Savnik Iztok, Akulich Mikita, Krnc Matjaž, Škrekovski Riste
Faculty of Mathematics, Natural Sciences and Information Technologies, University of Primorska, Koper, Slovenia.
Faculty of Information Studies, Novo Mesto, Slovenia.
PLoS One. 2021 Feb 10;16(2):e0245122. doi: 10.1371/journal.pone.0245122. eCollection 2021.

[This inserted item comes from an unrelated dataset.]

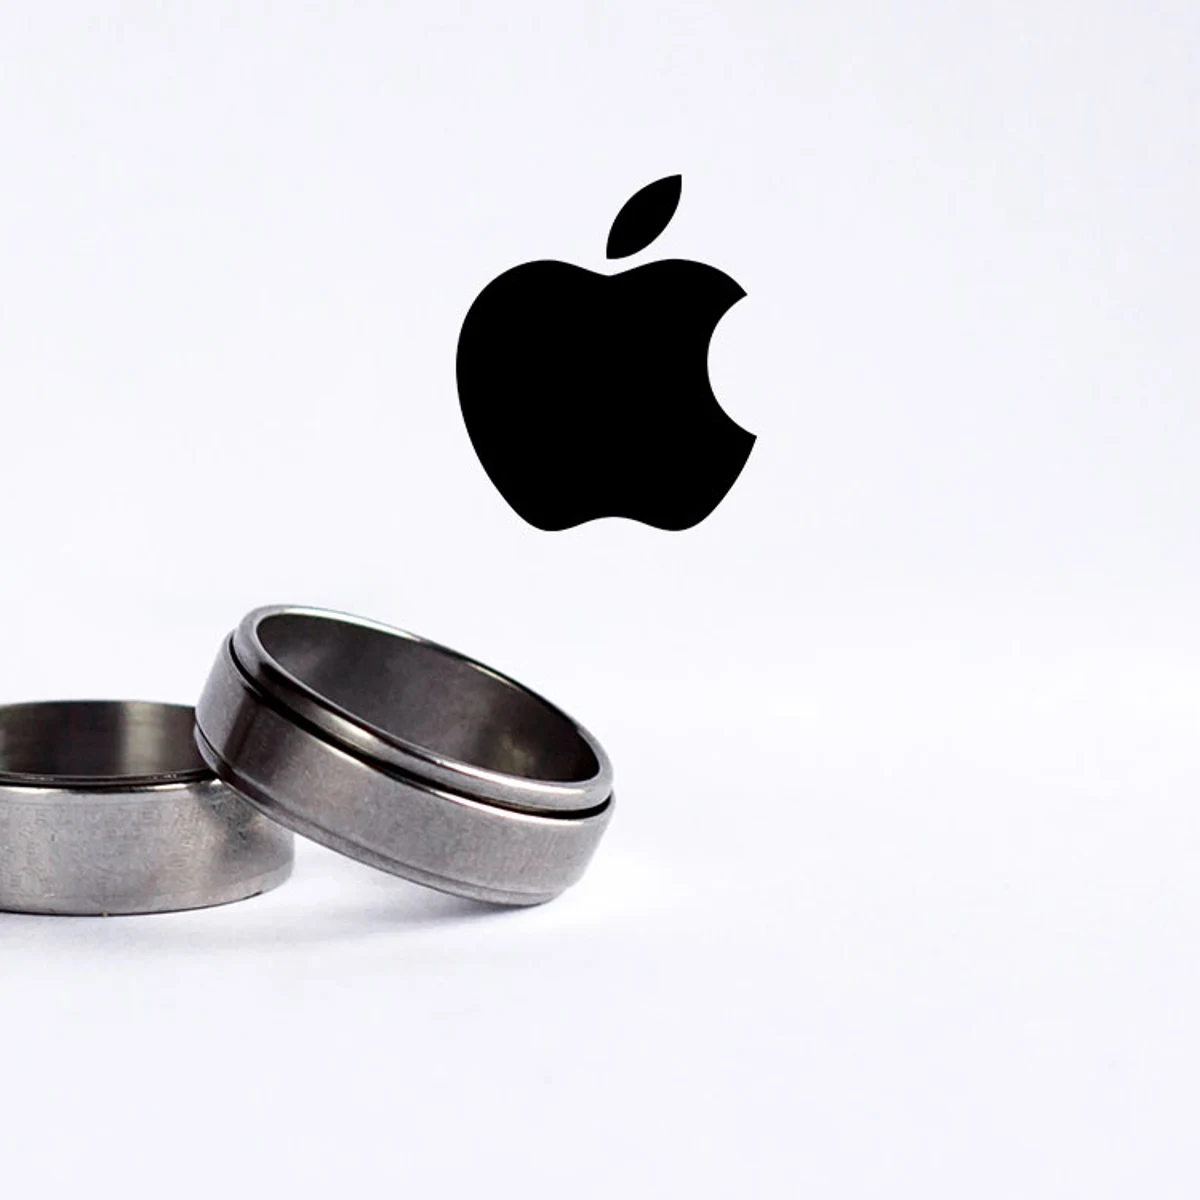 Si el anillo inteligente de Apple es así, quiero uno ahora mismo - Digital  Trends Español

Set containment operations form an important tool in various fields such as information retrieval, AI systems, object-relational databases, and Internet applications. In the paper, a set-trie data structure for storing sets is considered, along with the efficient algorithms for the corresponding set containment operations. We present the mathematical and empirical study of the set-trie. In the mathematical study, the relevant upper-bounds on the efficiency of its expected performance are established by utilizing a natural probabilistic model. In the empirical study, we give insight into how different distributions of input data impact the efficiency of set-trie. Using the correct parameters for those randomly generated datasets, we expose the key sources of the input sensitivity of set-trie. Finally, the empirical comparison of set-trie with the inverted index is based on the real-world datasets containing sets of low cardinality. The comparison shows that the running time of set-trie consistently outperforms the inverted index by orders of magnitude.

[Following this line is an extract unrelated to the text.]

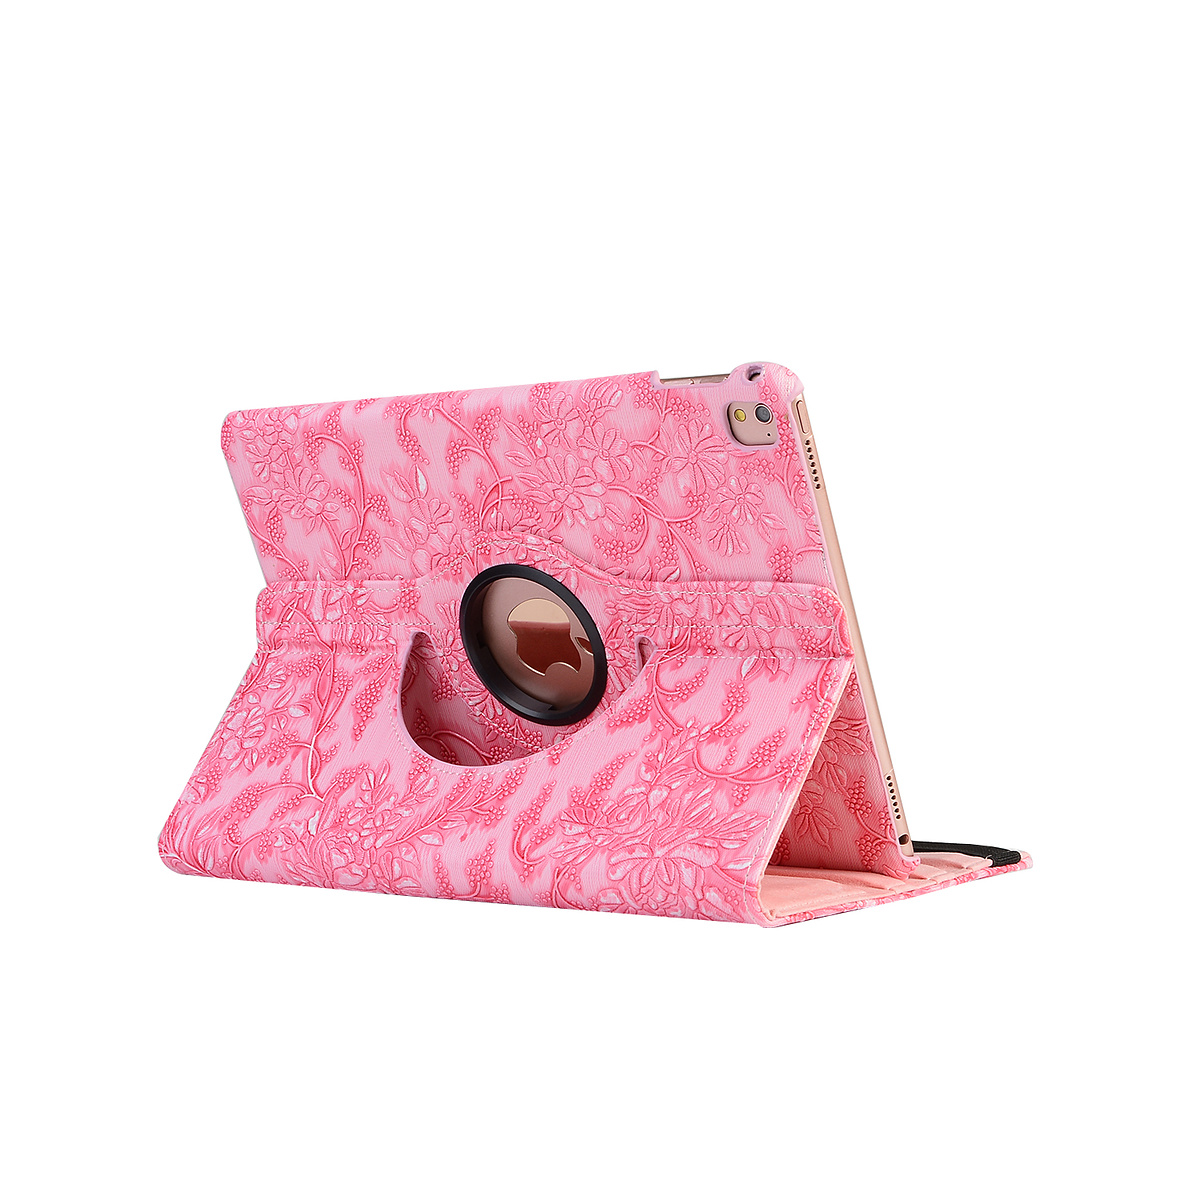 Läderfodral blommor rosa, iPad 2/3/4

集合包含操作在诸如信息检索、人工智能系统、对象关系数据库和互联网应用等各个领域中构成了一个重要工具。在本文中,我们考虑了一种用于存储集合的集合字典树数据结构,以及针对相应集合包含操作的高效算法。我们给出了对集合字典树的数学和实证研究。在数学研究中,通过利用一种自然概率模型建立了其预期性能效率的相关上界。在实证研究中,我们深入了解输入数据的不同分布如何影响集合字典树的效率。通过为那些随机生成的数据集使用正确的参数,我们揭示了集合字典树输入敏感性的关键来源。最后,基于包含低基数集合的真实世界数据集,对集合字典树与倒排索引进行了实证比较。比较结果表明,集合字典树的运行时间始终比倒排索引快几个数量级。